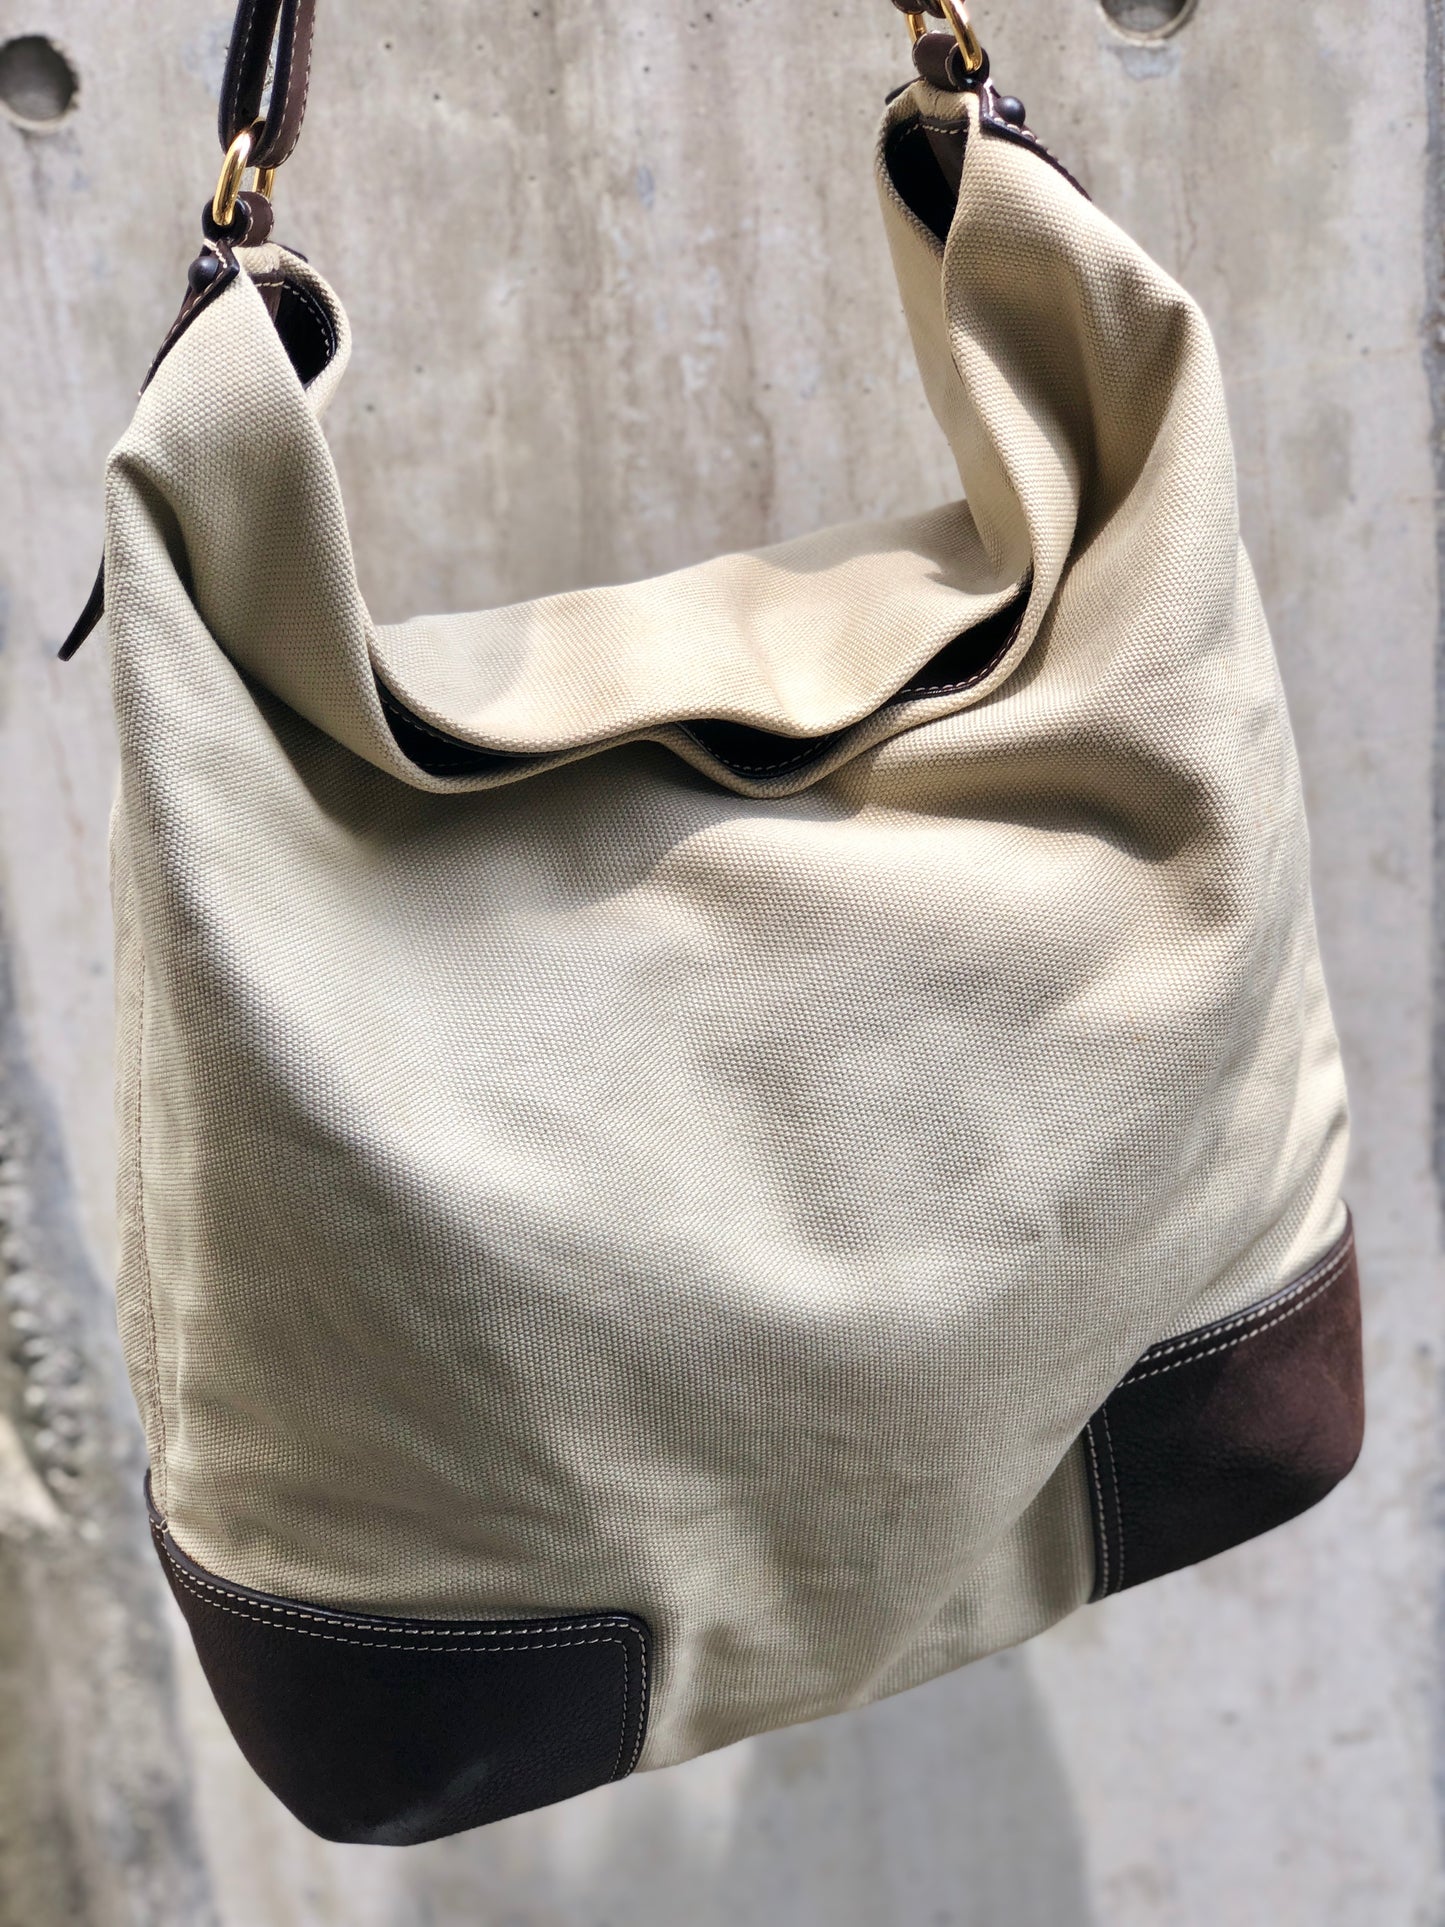 LOEWE Anagram canvas shoulder bag beige brown vintage old ki4dac
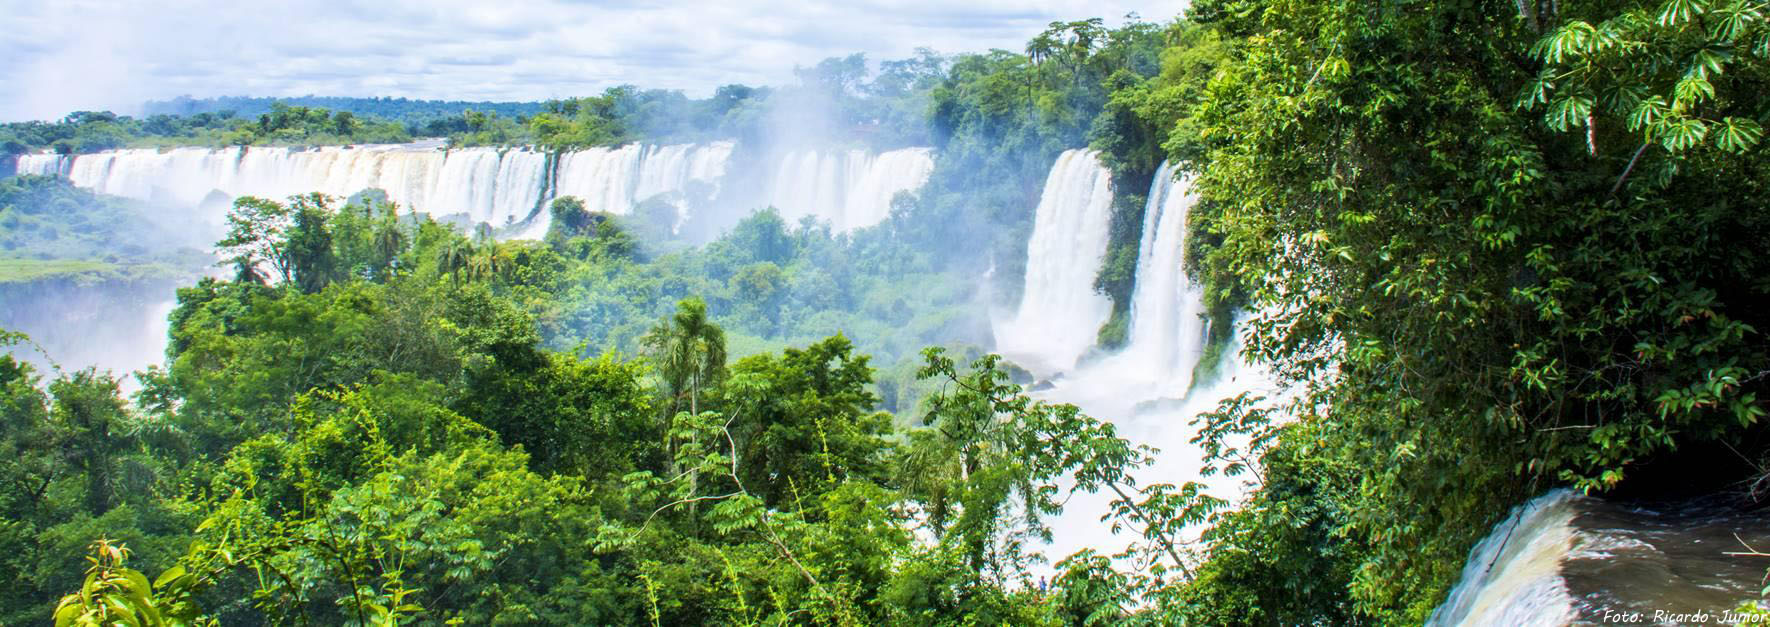 Foz do Iguaçu cidade de belezas, com certeza é o destino certo para você visitar
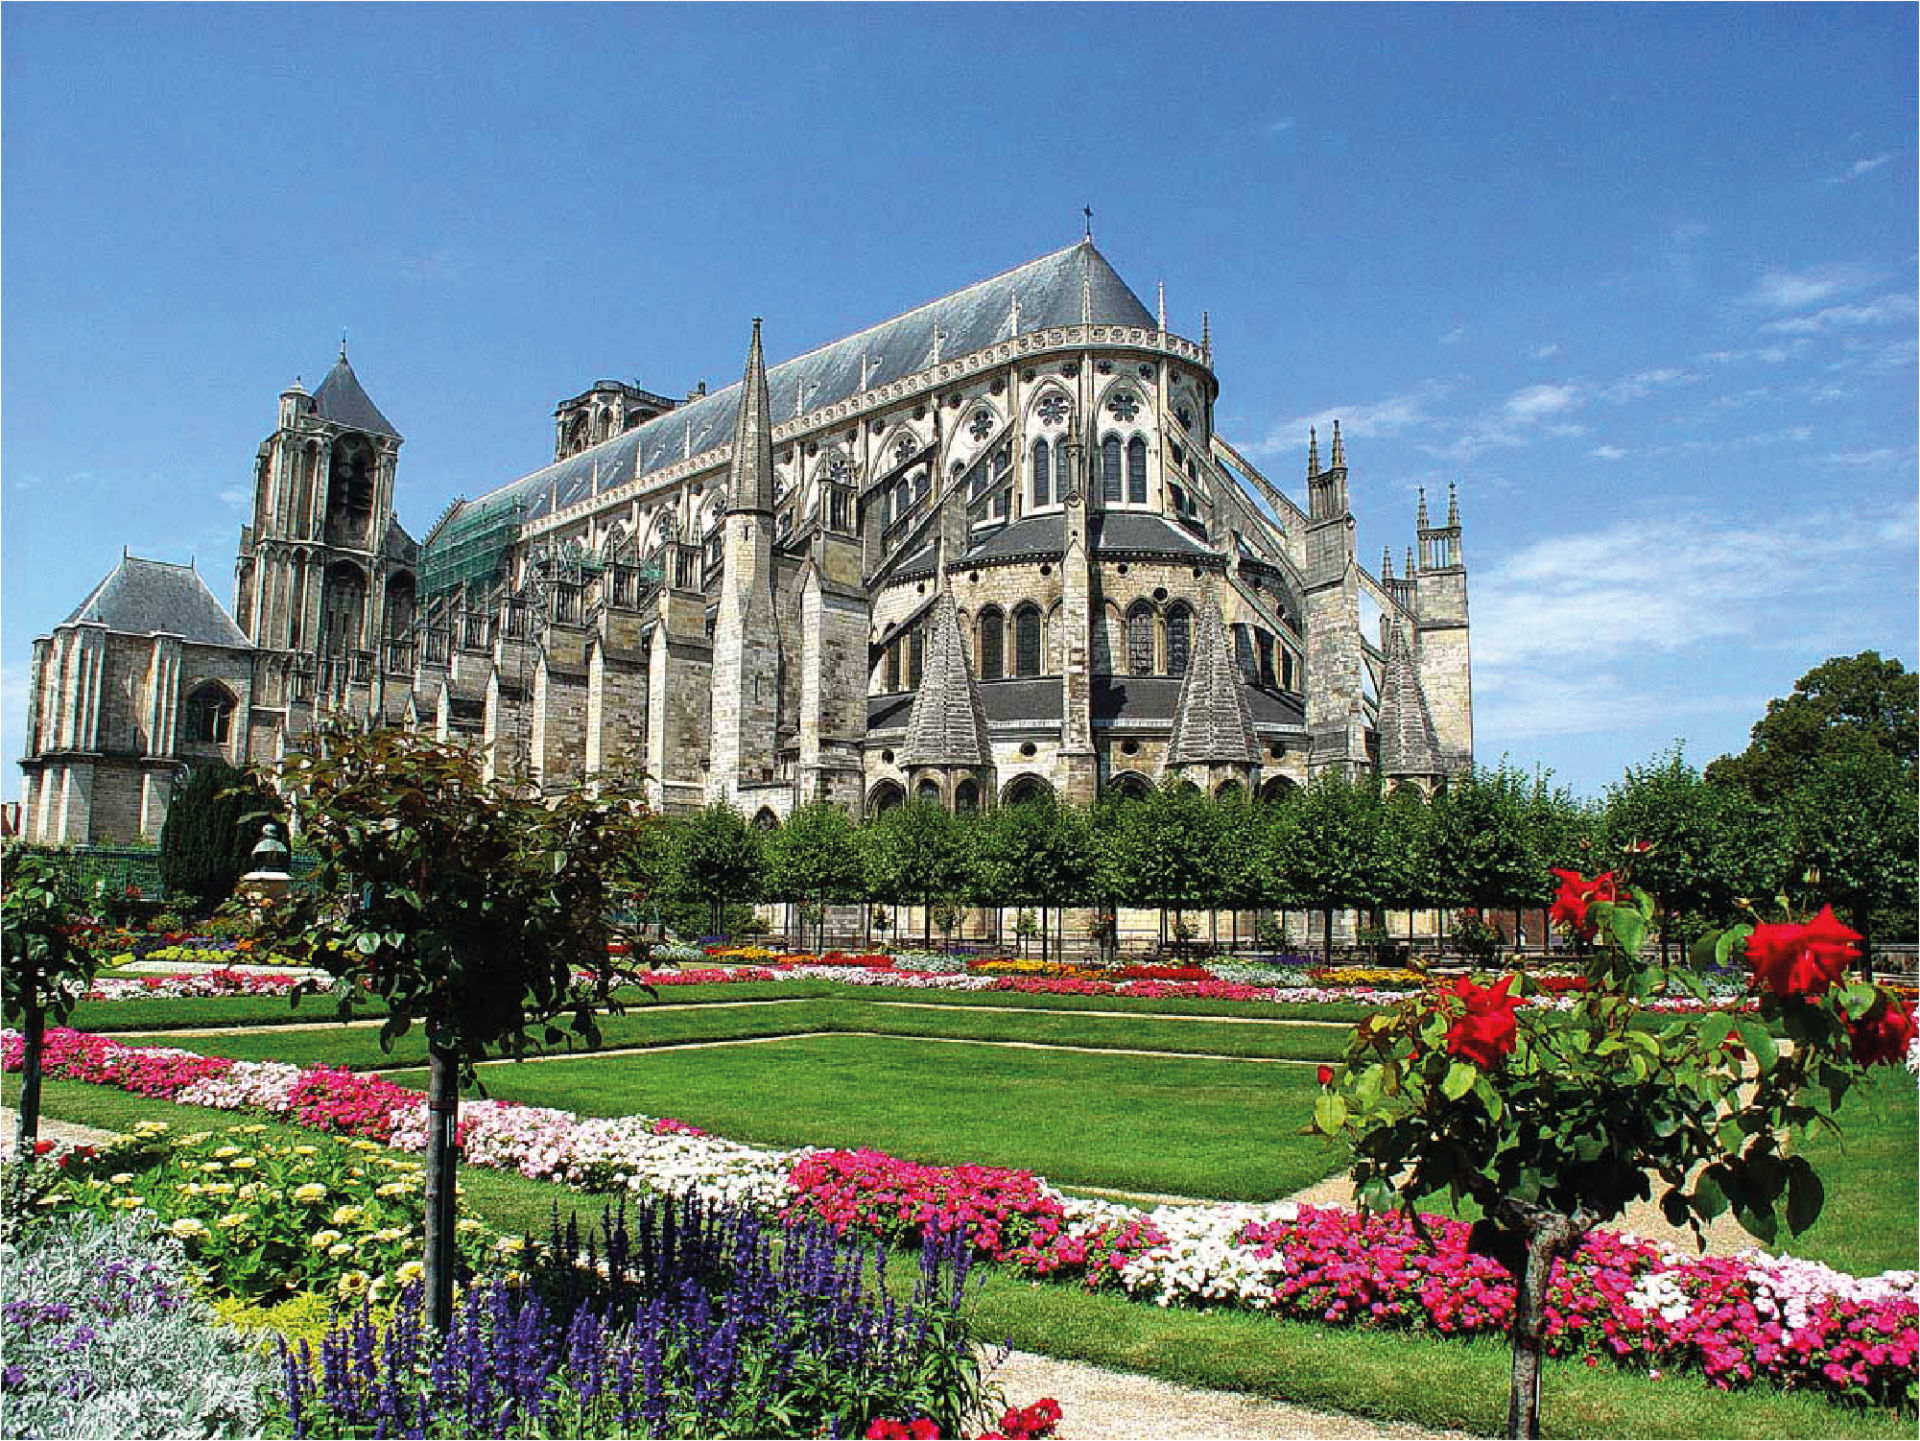 La cathédrale Saint-Etienne
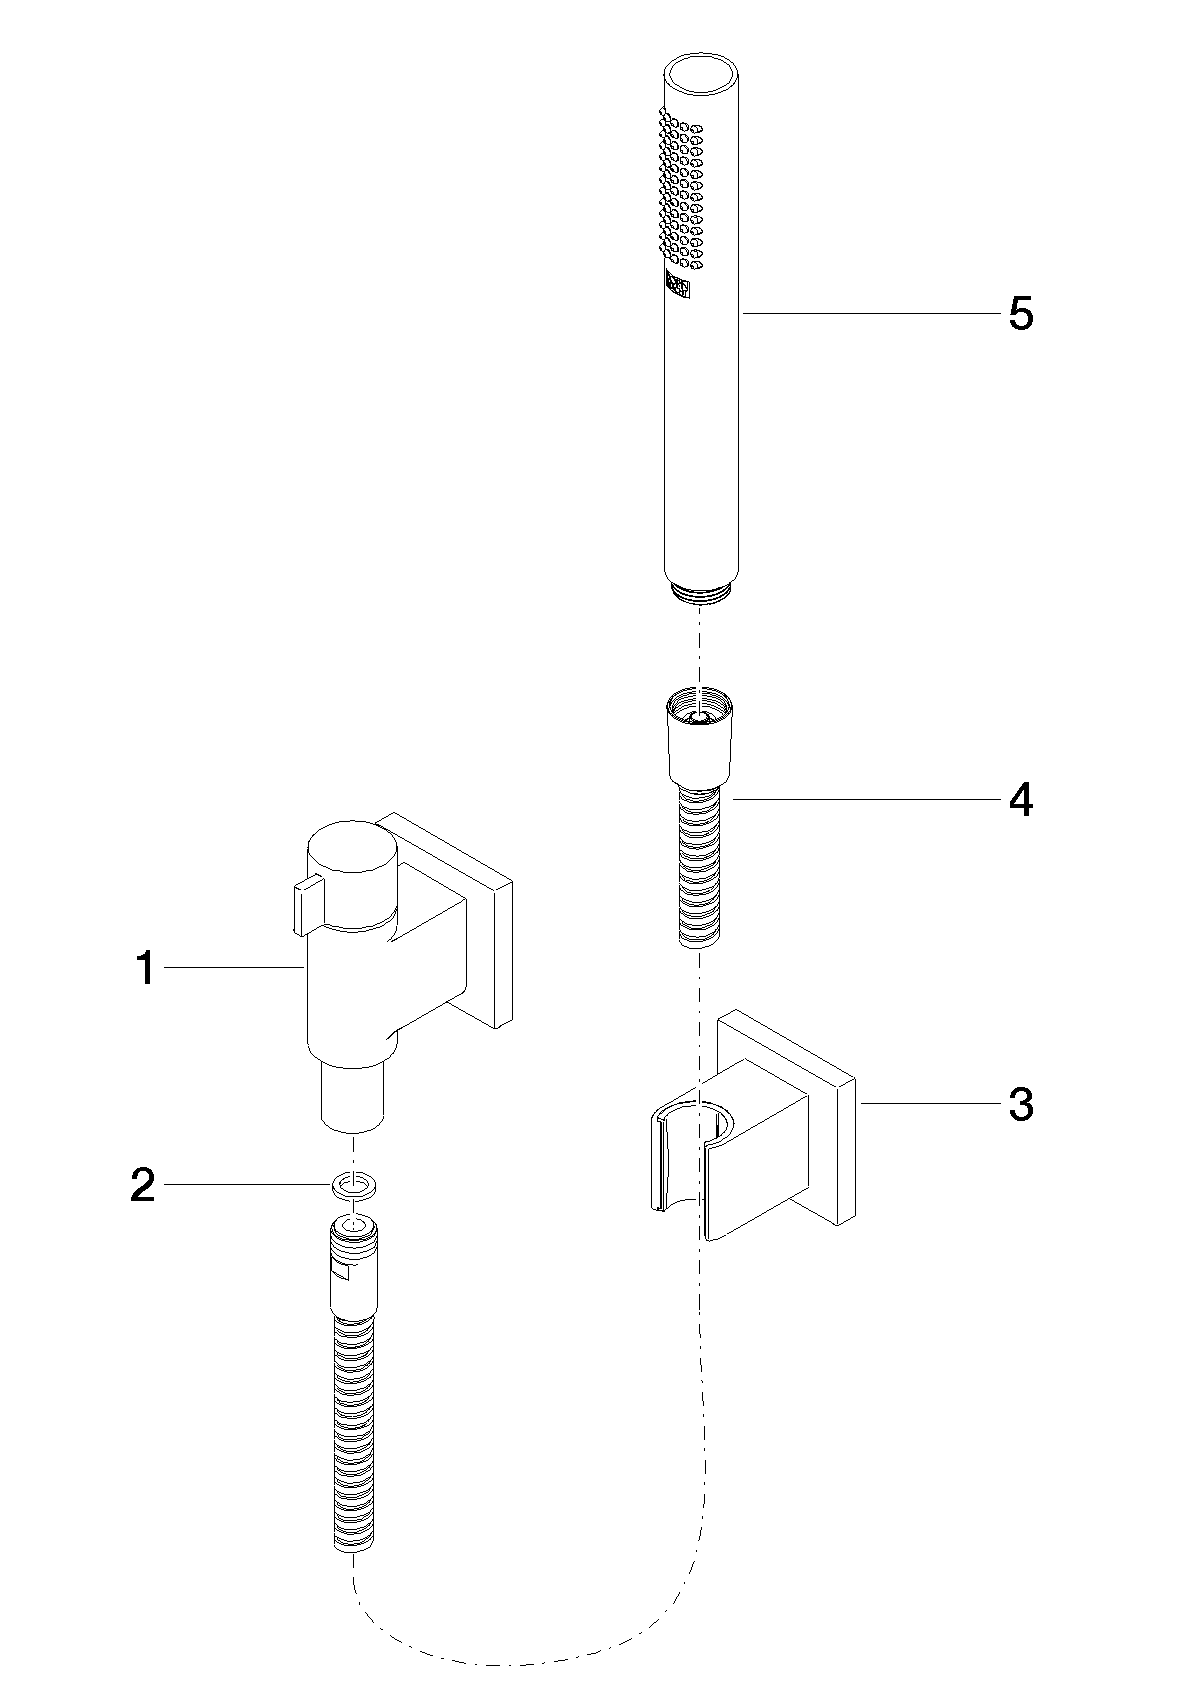 Obrázek DORNBRACHT Sprchová souprava s jednotlivými rozetami s regulací průtoku - chrom #27809985-00

* * * * *

### Exercise instructions
What should appear is an exact reproduction of the lines from the one with "Foz do Iguaçu" through the end of the material above, and no pictures.

### Task response
 Foz do Iguaçu cidade de belezas, com certeza é o destino certo para você visitar
 La cathédrale Saint-Etienne
 Obrázek DORNBRACHT Sprchová souprava s jednotlivými rozetami s regulací průtoku - chrom #27809985-00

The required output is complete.